Find the line holding "Buckinghamshire presentará una" in the entries below. Give it again exactly, along with every line after it up to and including the line holding "Fine textiles son".

Given entries
·····

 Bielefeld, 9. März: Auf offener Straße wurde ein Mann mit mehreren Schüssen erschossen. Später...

·····

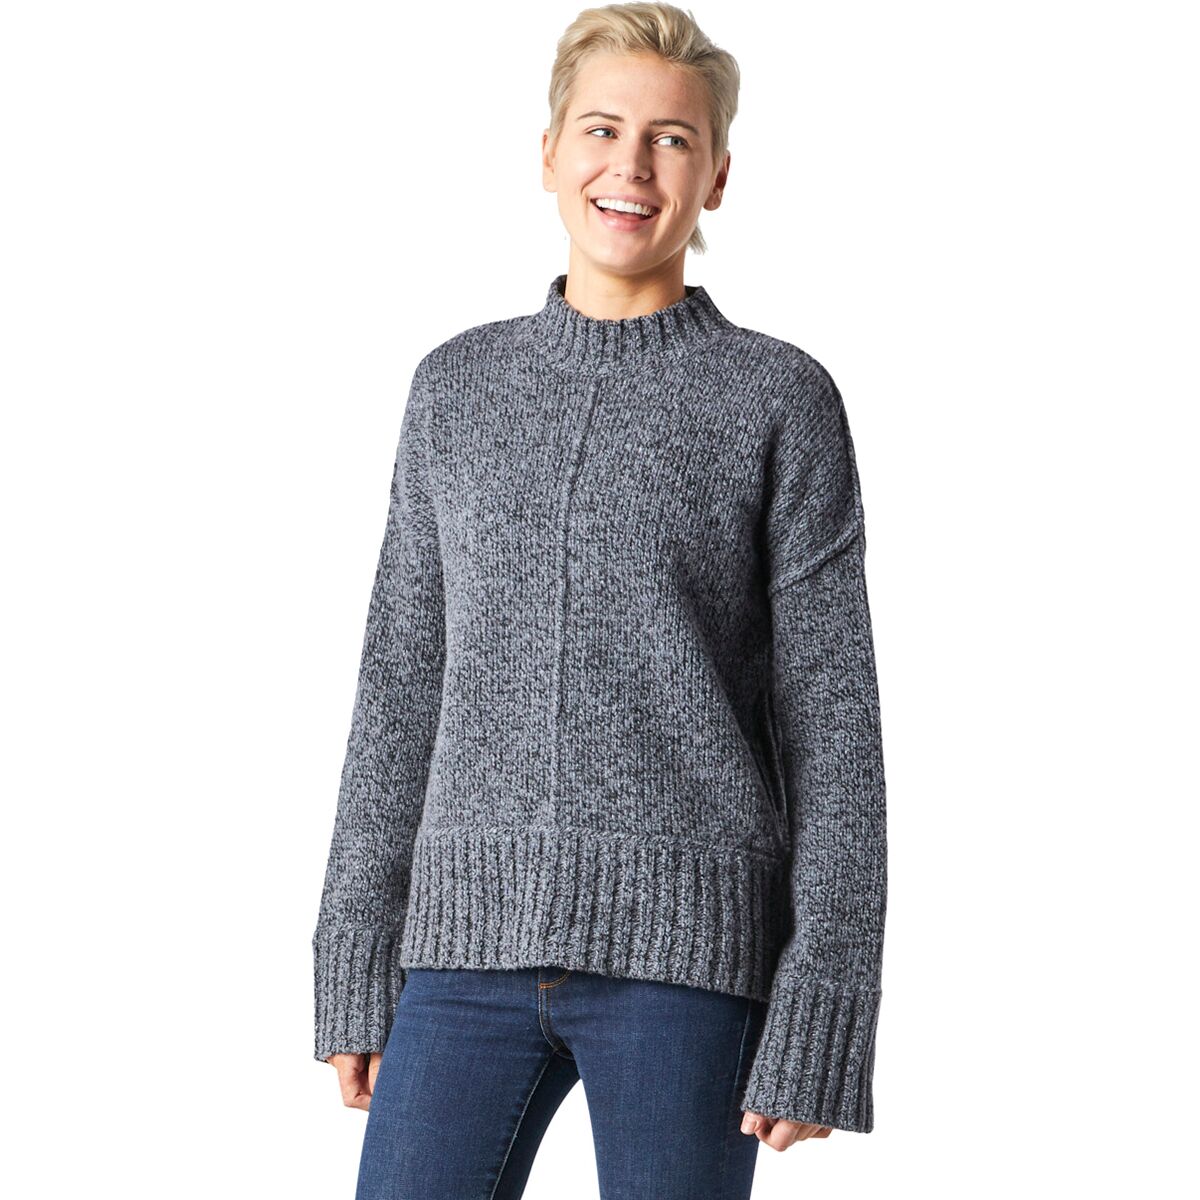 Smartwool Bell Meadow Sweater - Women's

·····

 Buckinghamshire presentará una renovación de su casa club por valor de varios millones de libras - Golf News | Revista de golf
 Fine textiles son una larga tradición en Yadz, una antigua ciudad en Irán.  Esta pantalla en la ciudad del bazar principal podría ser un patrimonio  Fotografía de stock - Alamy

·····

Solution below
 Buckinghamshire presentará una renovación de su casa club por valor de varios millones de libras - Golf News | Revista de golf
 Fine textiles son una larga tradición en Yadz, una antigua ciudad en Irán.  Esta pantalla en la ciudad del bazar principal podría ser un patrimonio  Fotografía de stock - Alamy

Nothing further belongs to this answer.